MBZUAI researchers, in collaboration with over 70 researchers, have created the Culturally diverse Visual Question Answering (CVQA) benchmark to evaluate cultural understanding in multimodal LLMs. The CVQA dataset includes over 10,000 questions in 31 languages and 13 scripts, testing models on images of local dishes, personalities, and monuments. Testing of several multimodal LLMs on the CVQA benchmark revealed significant challenges, even for top models. Why it matters: This benchmark highlights the need for AI models to better understand diverse cultures, promoting fairness and relevance across different languages and regions.
MBZUAI is conducting research to improve cross-cultural understanding using AI, including studying LLM limitations in recognizing cultural references. They developed "Culturally Yours," a tool that helps users comprehend cultural references in text, and the "All Languages Matter Benchmark" (ALM Bench) to evaluate multimodal LLMs across 100 languages. MBZUAI has also developed LLMs tailored to low-resource languages like Jais (Arabic), Nanda (Hindi), and Sherkala (Kazakh). Why it matters: These initiatives promote inclusivity and ensure AI systems are culturally aware and can serve diverse populations effectively, particularly in the Middle East's multicultural context.
MBZUAI researchers presented two studies at NAACL 2025 concerning how LLMs understand cultural differences, with one study winning the SAC award. One study, titled "Reading between the lines: Can LLMs identify cross-cultural communication gaps," assesses GPT-4o's ability to identify cultural references in Goodreads book reviews. The researchers created a benchmark dataset using annotations from 50 evaluators across different cultures to measure the LLM's ability to identify culture-specific items (CSIs). Why it matters: Improving LLMs' cross-cultural understanding is crucial for ensuring these models can be used effectively and equitably across diverse global contexts.
MBZUAI researchers have developed "Culturally Yours," a reading assistant that highlights and explains culturally-specific items on webpages to help users understand unfamiliar terms. The tool addresses the "cold-start problem" by asking users for demographic information to personalize the identification of potentially unfamiliar cultural references. It was presented at the 31st International Conference on Computational Linguistics in Abu Dhabi. Why it matters: This tool can help bridge linguistic and cultural gaps, particularly for underrepresented languages and cultures, and aid businesses in reaching diverse audiences.
MBZUAI researchers presented a method for cross-cultural transfer learning to improve language models' understanding of diverse Arab cultures. They used in-context learning and demonstration-based reinforcement (DITTO) to transfer cultural knowledge between countries. Experiments showed up to 34% improvement in performance on cultural understanding benchmarks using only a few demonstrations. Why it matters: This research addresses the gap in cultural understanding of Arabic language models, especially for smaller Arab countries, and provides a novel transfer learning approach.

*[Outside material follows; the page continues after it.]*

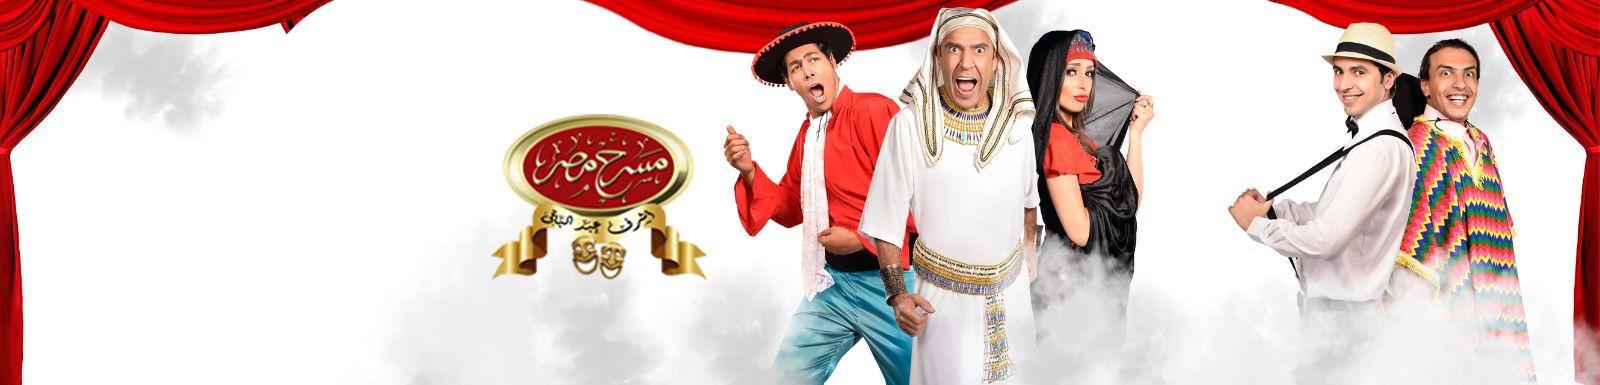 تحميل مسرحية مسرح مصر الحلقة 13 MBC shahid شاهد نت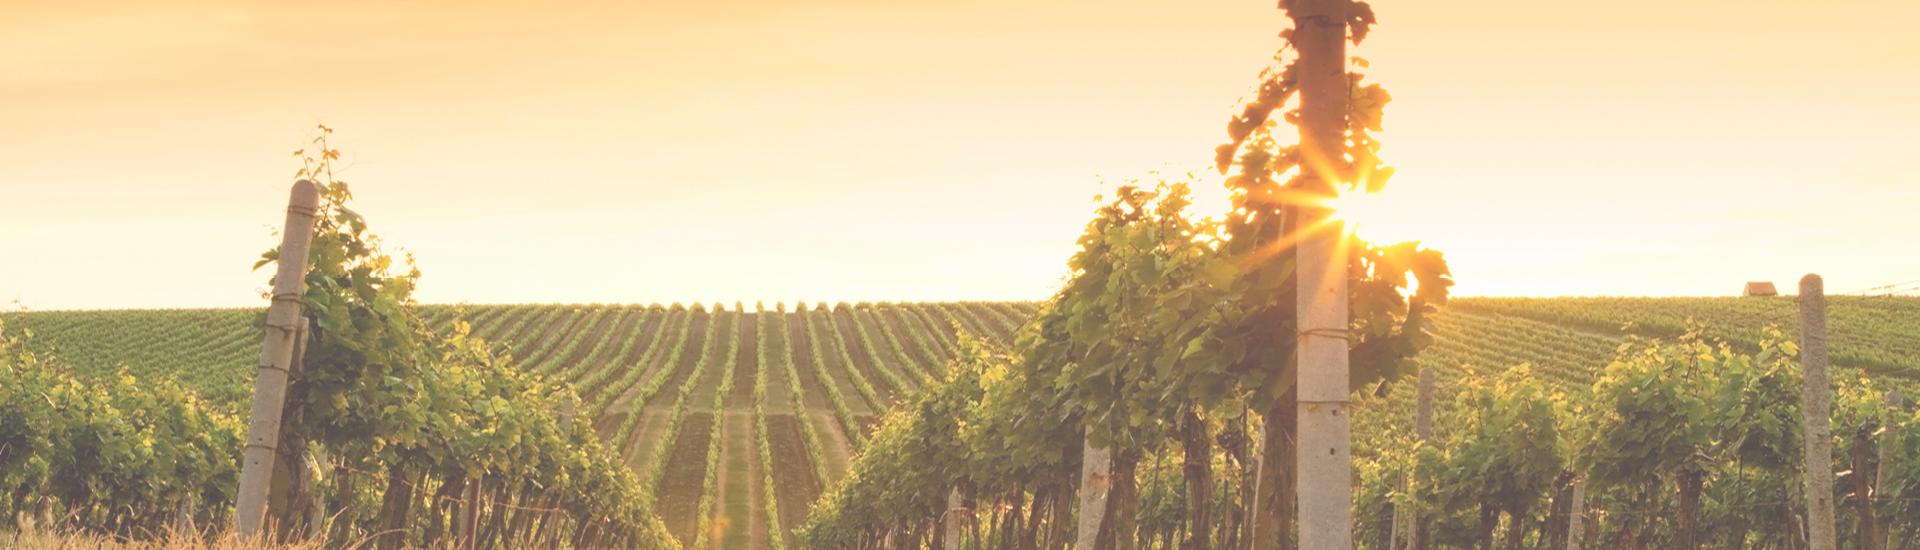 Weine - Weinviertel DAC - Top-Jahrgang 2016 bis -18%! 01/2018 - Slider

Researchers from MBZUAI, University of Washington, and other institutions presented studies at EMNLP 2024 exploring how LLMs represent cultures. A survey analyzed dozens of recent studies on LLMs and culture and proposes a new framework for future research. The survey found that there is no widely accepted definition of 'culture' in NLP, making it challenging to interpret how models represent culture through language. Why it matters: This highlights a key gap in the field and emphasizes the need for a more rigorous and consistent understanding of culture in AI, especially as LLMs become more globally integrated.
The paper introduces SaudiCulture, a new benchmark for evaluating the cultural competence of LLMs within Saudi Arabia, covering five major geographical regions and diverse cultural domains. The benchmark includes questions of varying complexity and distinguishes between common and specialized regional knowledge. Evaluations of five LLMs (GPT-4, Llama 3.3, FANAR, Jais, and AceGPT) revealed performance declines on region-specific questions, highlighting the need for region-specific knowledge in LLM training.
MBZUAI researchers have released ALM Bench, a new benchmark dataset for evaluating the performance of multimodal LLMs on cultural visual question-answer tasks across 100 languages. The dataset includes over 22,000 question-answer pairs across 19 categories, with a focus on low-resource languages and cultural nuances, including three Arabic dialects. They tested 16 open- and closed-source multimodal LLMs on it, revealing a significant need for greater cultural and linguistic inclusivity. Why it matters: The benchmark aims to improve the inclusivity of multimodal AI systems by addressing the underrepresentation of low-resource languages and cultural contexts.